WHAT NEEDS TO BE DONE: All the data that follows should be repeated exactly, without a single picture.

AVAILABLE DATA:
▼

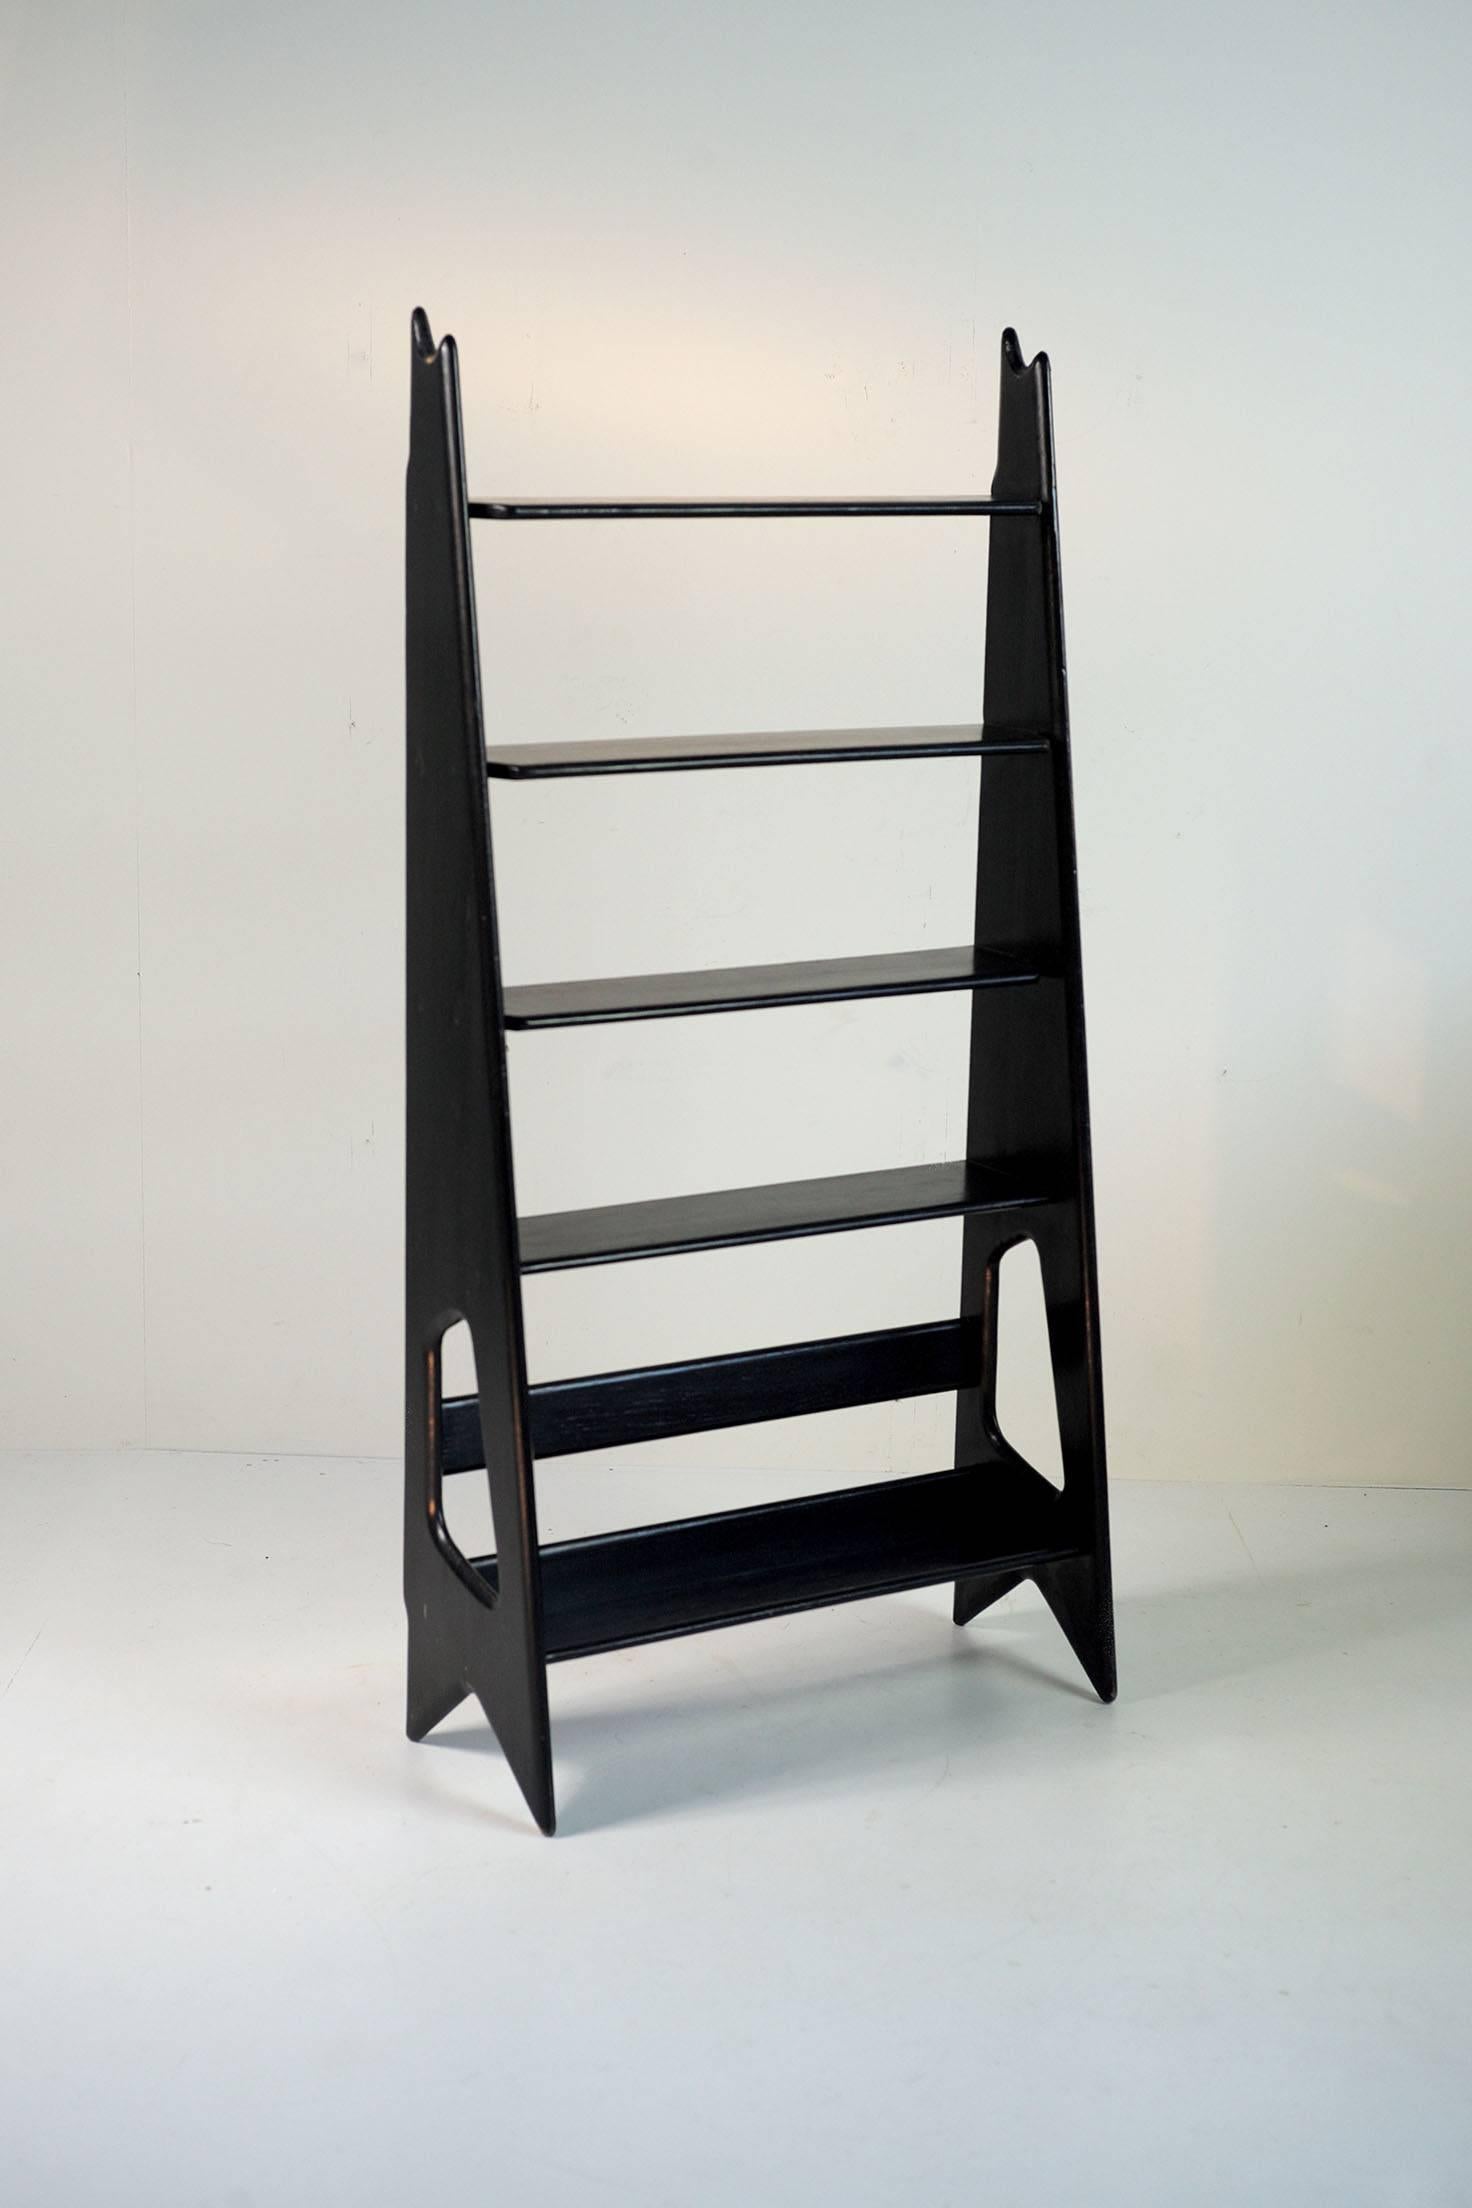 Pierre Cruège (1913-2003), blackened / waxed oak bookcase, Éditions Formes / France, 1950. 
Pupil of René Buthaud then René Prou, Pierre Cruège is an important player in the reconstruction (1945-1955). This free-form library is a very good example
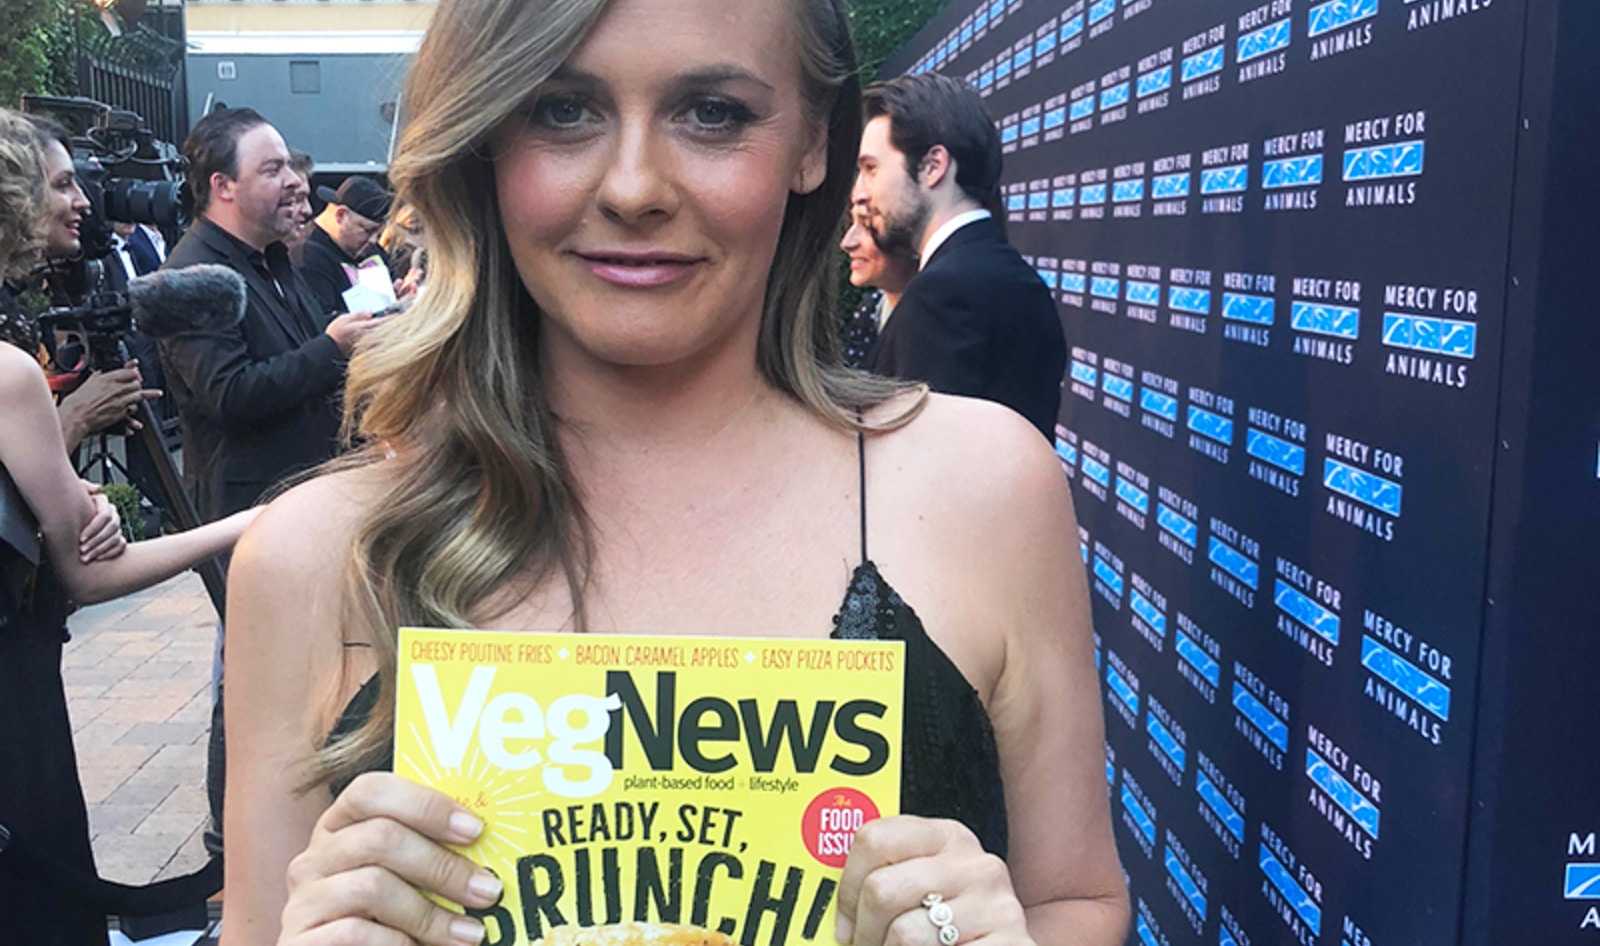 Alicia Silverstone Honored with Animal Hero Award at Celebrity-Packed Vegan Gala
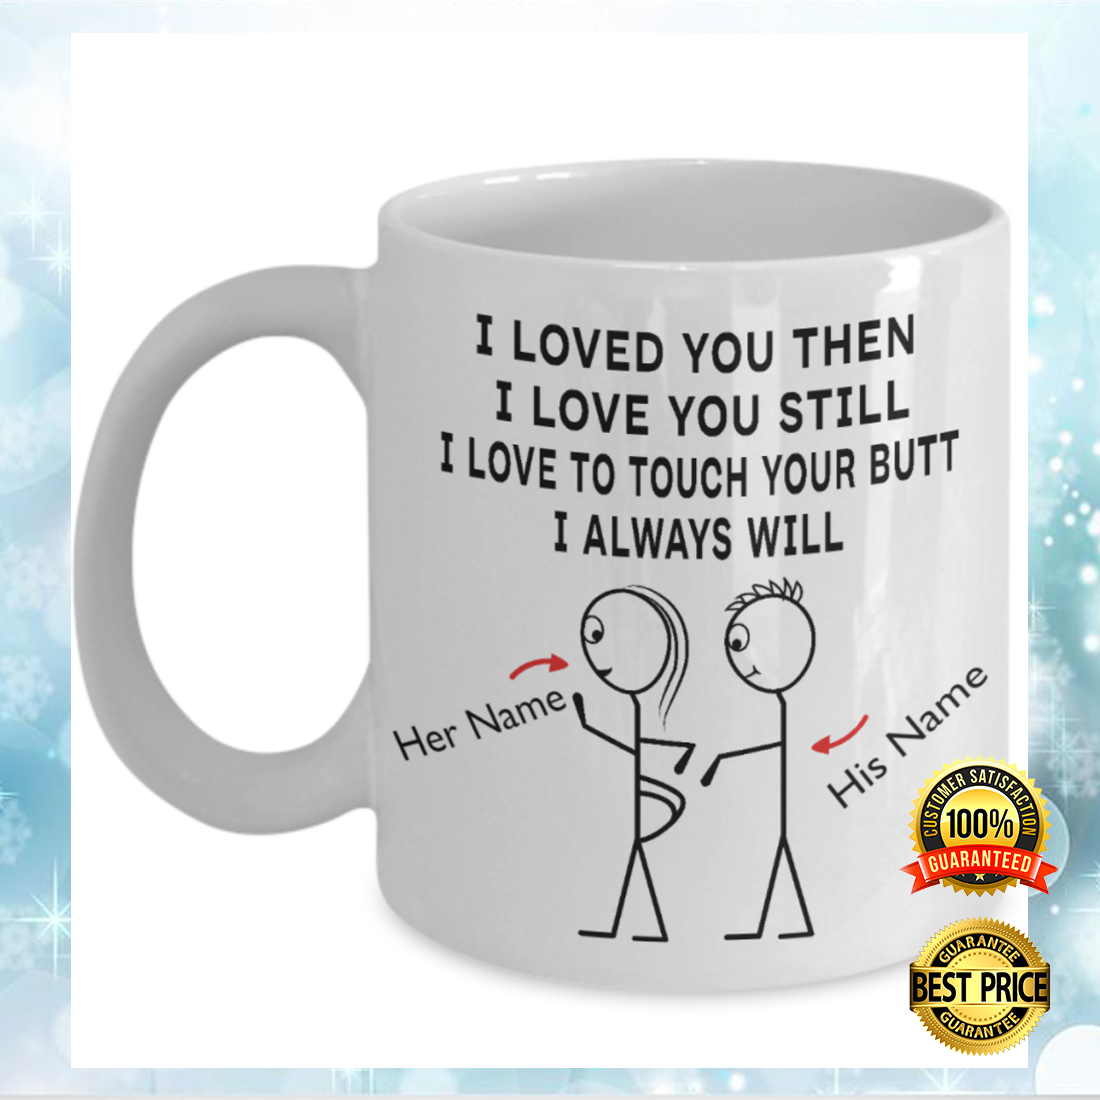 Personalized i loved you then i love you still i love to touch your butt i always will mug 4

▲

ANSWER TO THIS EXERCISE:
 Pierre Cruège (1913-2003), blackened / waxed oak bookcase, Éditions Formes / France, 1950. 
Pupil of René Buthaud then René Prou, Pierre Cruège is an important player in the reconstruction (1945-1955). This free-form library is a very good example
 Alicia Silverstone Honored with Animal Hero Award at Celebrity-Packed Vegan Gala
 Personalized i loved you then i love you still i love to touch your butt i always will mug 4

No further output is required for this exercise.